La Fédération internationale de ski & snowboard (FIS) a partagé la lettre ouverte suivante après la mort tragique du coureur de ski italien Matteo Franzoso lors de l'entraînement en descente à La Parva, au Chili.
La Fédération internationale de ski & snowboard (FIS) est profondément attristée par le décès tragique du skier alpin italien Matteo Franzoso après une chute pendant l'entraînement au Chili. Nos pensées sincères vont à sa famille, à ses amis, à ses coéquipiers et à toute la communauté de ski italienne alors qu'ils pleurent cette perte dévastatrice.
Des moments comme celui-ci mettent en évidence les risques profonds qui sont une partie inséparable de notre sport. Ils nous rappellent également la responsabilité partagée que nous portons tous – athlètes, entraîneurs, organisateurs, associations et organes directeurs – pour faire tout ce qui concerne nos moyens pour réduire ces risques.
Une chose est claire: la poursuite des performances ne doit jamais éclipser la priorité de la sécurité. Il n'est pas possible d'éliminer les dangers inhérents au ski alpin, mais – en écoutant, en sensibilisant et en favorisant le dialogue qui conduit à une action collective, nous pouvons atténuer les risques.
Cependant, avec les associations nationales de ski, les comités d'organisation locaux, les entraîneurs, les partenaires et, surtout, les athlètes eux-mêmes, nous devons identifier où les risques sont les plus grands, relever des défis systémiques et soutenir une culture dans laquelle la sécurité fait partie intégrante de chaque décision. Des conditions de formation sûres et des compétitions de sauvegarde nécessitent non seulement une sensibilisation, mais aussi un engagement ferme et collectif dans toute la famille de ski. Ce n'est qu'en agissant ensemble que nous pouvons créer les conditions où la sécurité n'est pas compromise.
Grâce à l'unité de santé des athlètes (AHU), FIS renforce une approche scientifique et systématique du bien-être des athlètes, qui continuera de croître en profondeur et en portée en étroite coopération avec nos partenaires. Ici, nous poursuivons l'état de l'art en innovation avec des airbags et des liaisons électroniques à libération ainsi que la technologie des casques pour résister à plusieurs impacts.

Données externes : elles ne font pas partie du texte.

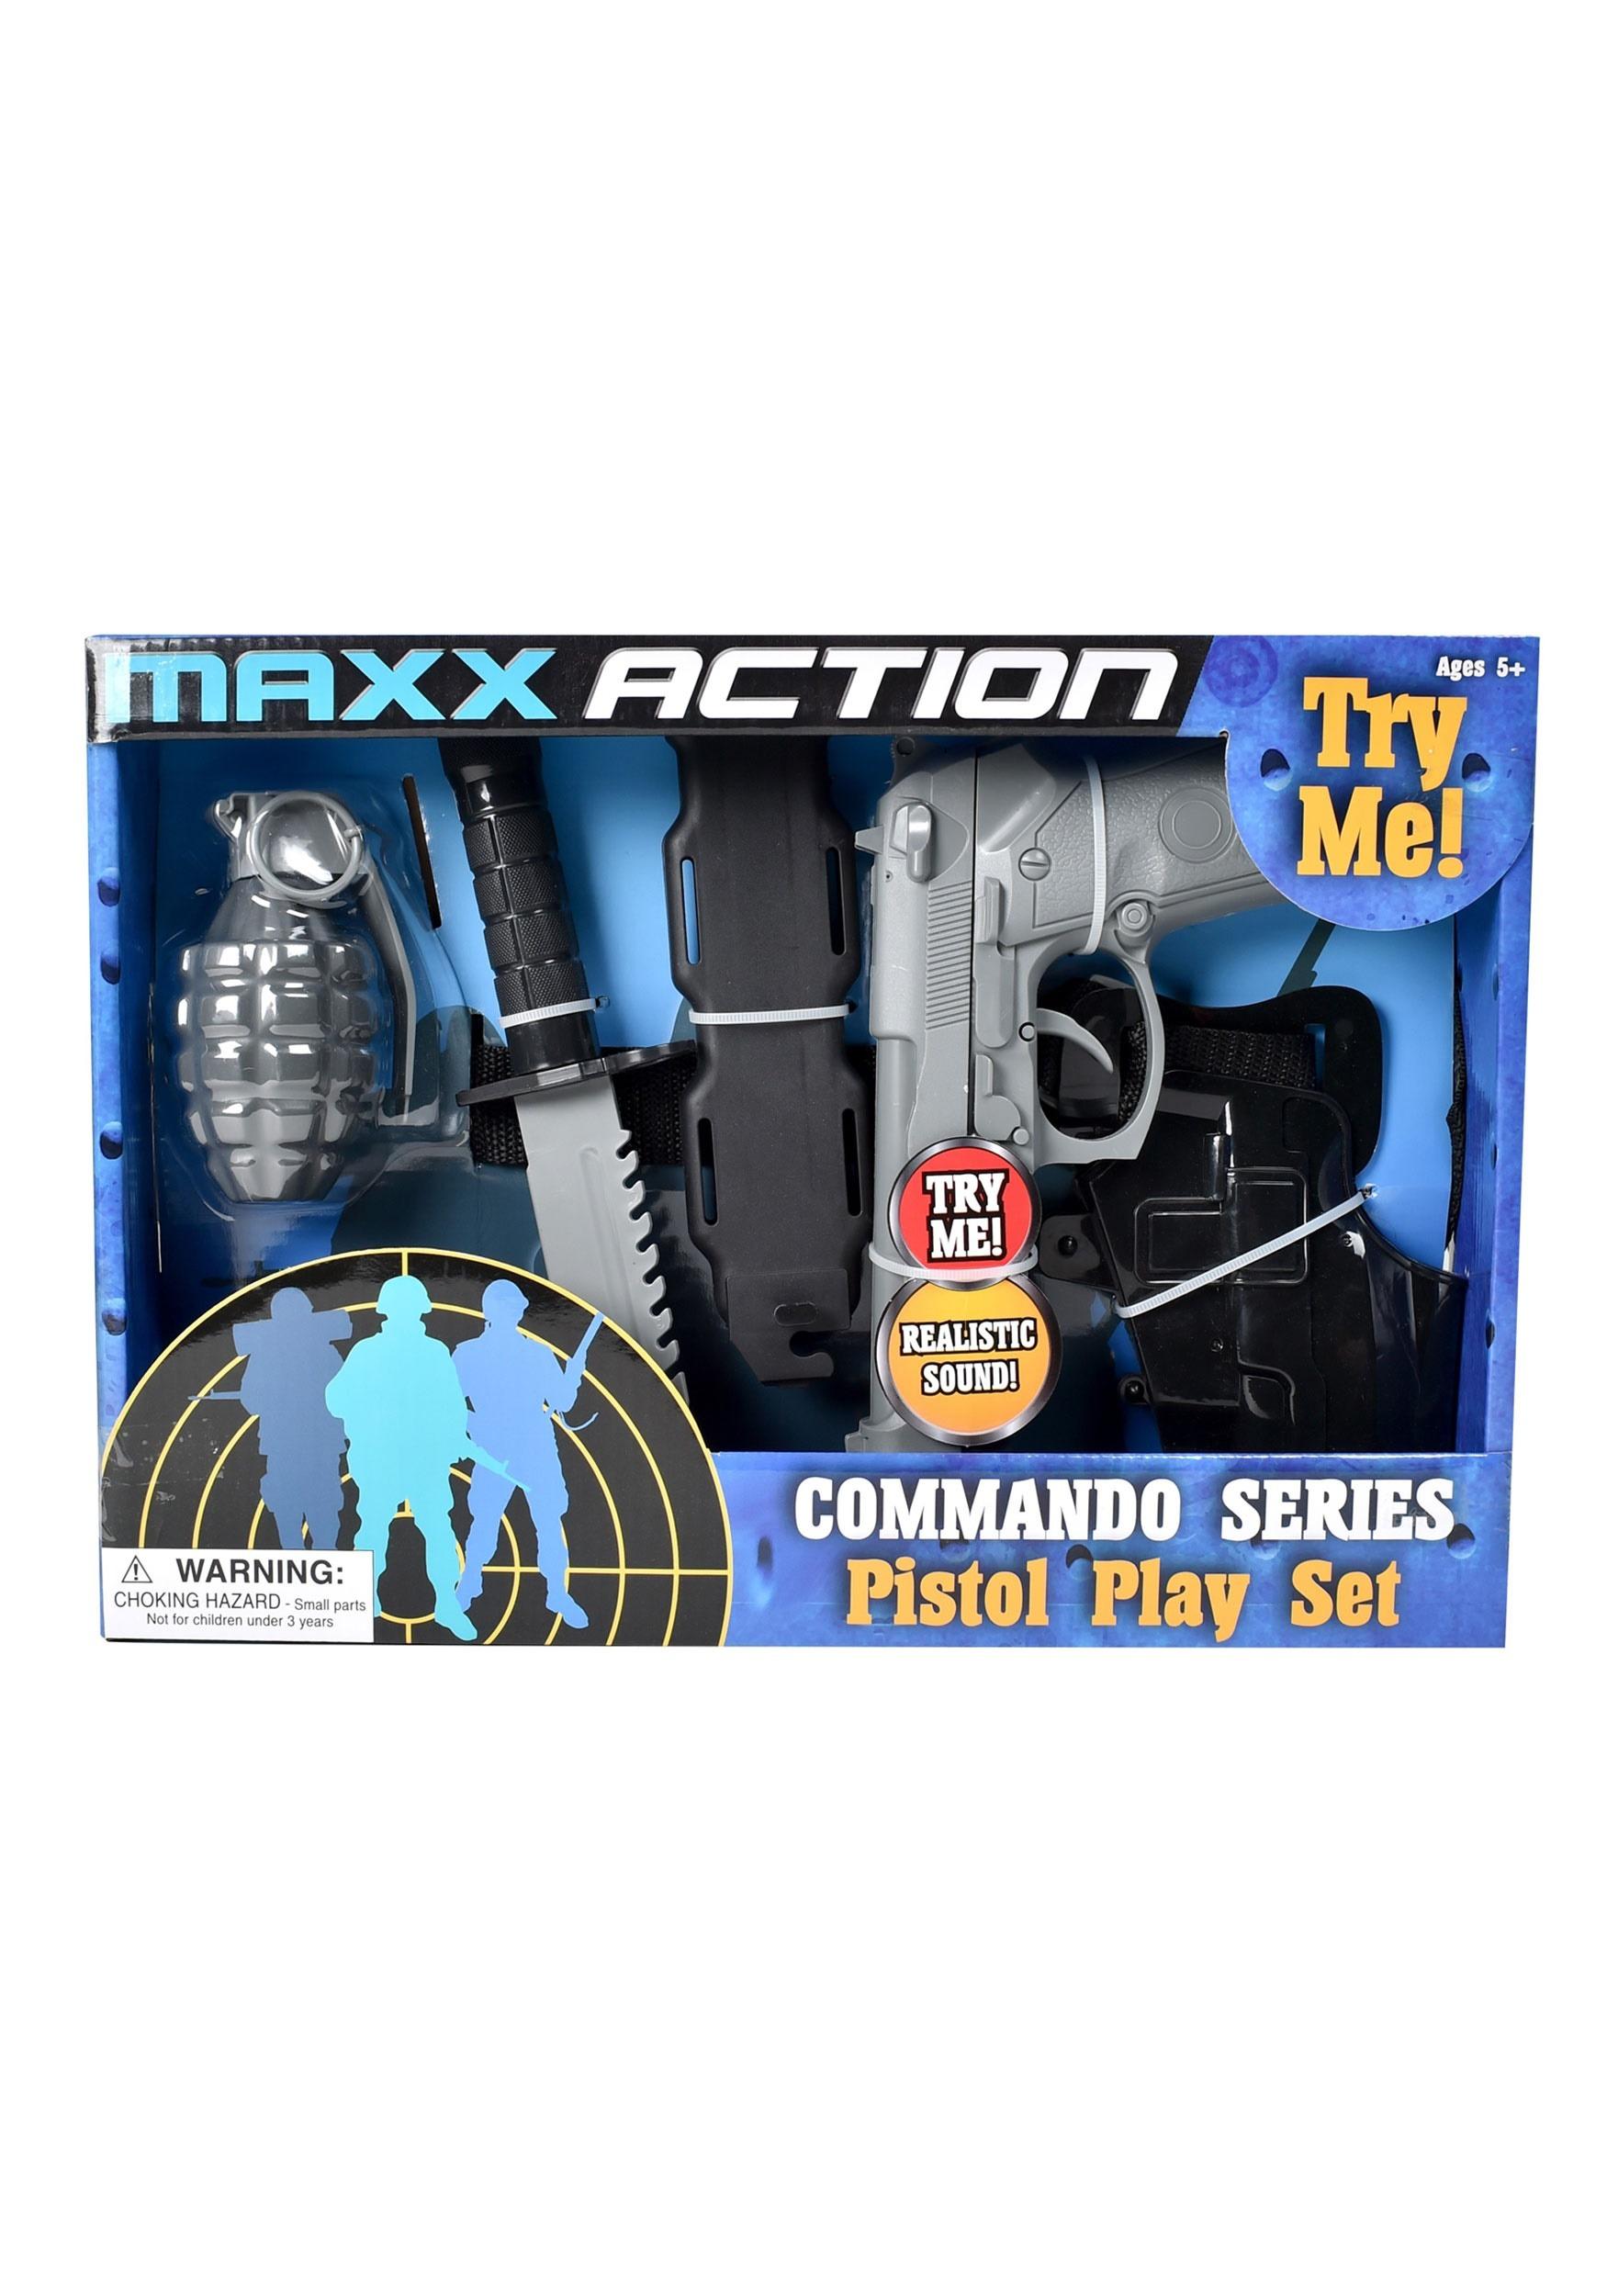 Maxx Action Commando Series Pistol Playset

Dans les semaines à venir, FIS intensifiera davantage le dialogue avec ses parties prenantes, toujours avec un seul principe directeur: le bien-être et la sécurité des athlètes doivent venir en premier.
Plusieurs athlètes passés et actuels ont parlé publiquement du manque de sécurité lors des cours d'entraînement, notamment Lucrezia Lorenzi, sœur de l'athlète décédé Mathilde Lorenzi. La mort de Franzoso a été le troisième décès d'un jeune athlète italien en moins de 12 mois. Matilde Lorenzi est décédée lors de l'entraînement à Val Senales, en Italie, en octobre 2024. Lucrezia Lorenzi a appelé à une action immédiate, déclarant: «Le moment est venu de s'arrêter! Le destin des mots et la malchance n'apparaissent pas dans le vocabulaire d'un athlète professionnel. Vous ne pouvez pas aller skier et ne plus jamais rentrer à la maison.»
Le président de l'Italian Ski Association (FISI), Flavio Roda, a rencontré le conseil fédéral aujourd'hui, le 19 septembre, pour présenter une série de propositions en béton et a appelé à une action immédiate pour assurer la sécurité des athlètes sur les pentes d'entraînement en descente. Dans la proposition, Roda a suggéré que la formation en descente soit limitée à quelques sites approuvés. La sécurité sur ces sites approuvées doit être assurée par les FIS lors de cours de course internationale et par FISI sur les cours de course italiens.
Espérons que cette discussion indispensable améliorera les normes de sécurité à des cours de formation à vitesse à travers le monde.